Love does not boast. (Even if it has a good reason.)
It is not arrogant.
It is not rude.
Love does not insist on its own way.
It is not irritable.
It is not resentful.
Love does not rejoice at wrongdoing.
Love rejoices with the truth.
Love bears all things,
believes all things,
hopes all things,
endures all things.
Love never ends.
Most of us say we would die to save those we love. Which is good. Jesus said so and did so. But the challenge for building those sacrificial muscles is in the everyday sacrifices we make as we lay down our lives while we're living with those we love.
When we stop everything to play pretend with our child, instead of browsing Facebook or texting people who aren't even in the room...
When we help our spouse with a chore, without grumbling...
When we get that sleep we need (if just for a night), instead of staying up late to eat cheeseballs and watch comedies...
When we stop to have an eye-to-eye conversation with someone we love, instead of getting our chores done...
When we choose to redirect envious thoughts into complimentary ones...
When we calm our irritated spirits before reacting with angry words or actions...
When we stop our negative thoughts and say encouraging words to one another...

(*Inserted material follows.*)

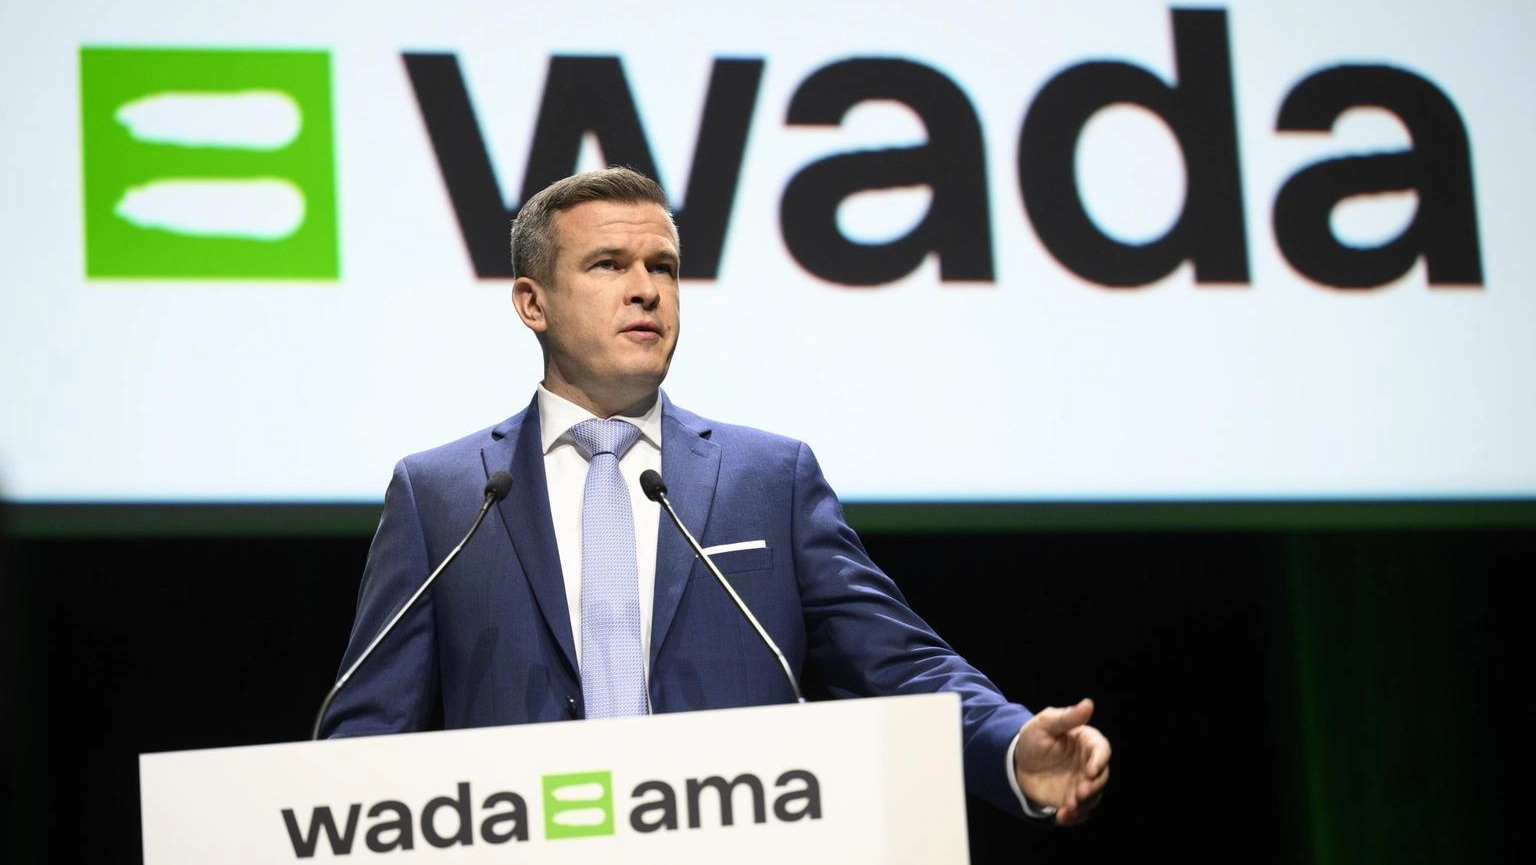 La Wada, l'agenzia mondiale per il controllo antidoping

When we stop our reactionary opinions (based on prejudices and limited perspectives) and instead find a way to serve someone different than we are, no matter how repulsive...
When we want to rant against our enemies, even when we have good reason, and instead we calm our spirits and seek God's answer and God's glory in the devastation of evil... and pray and wait.
So many little ways to let love overcome hate in our everyday moments exist. Let's find them.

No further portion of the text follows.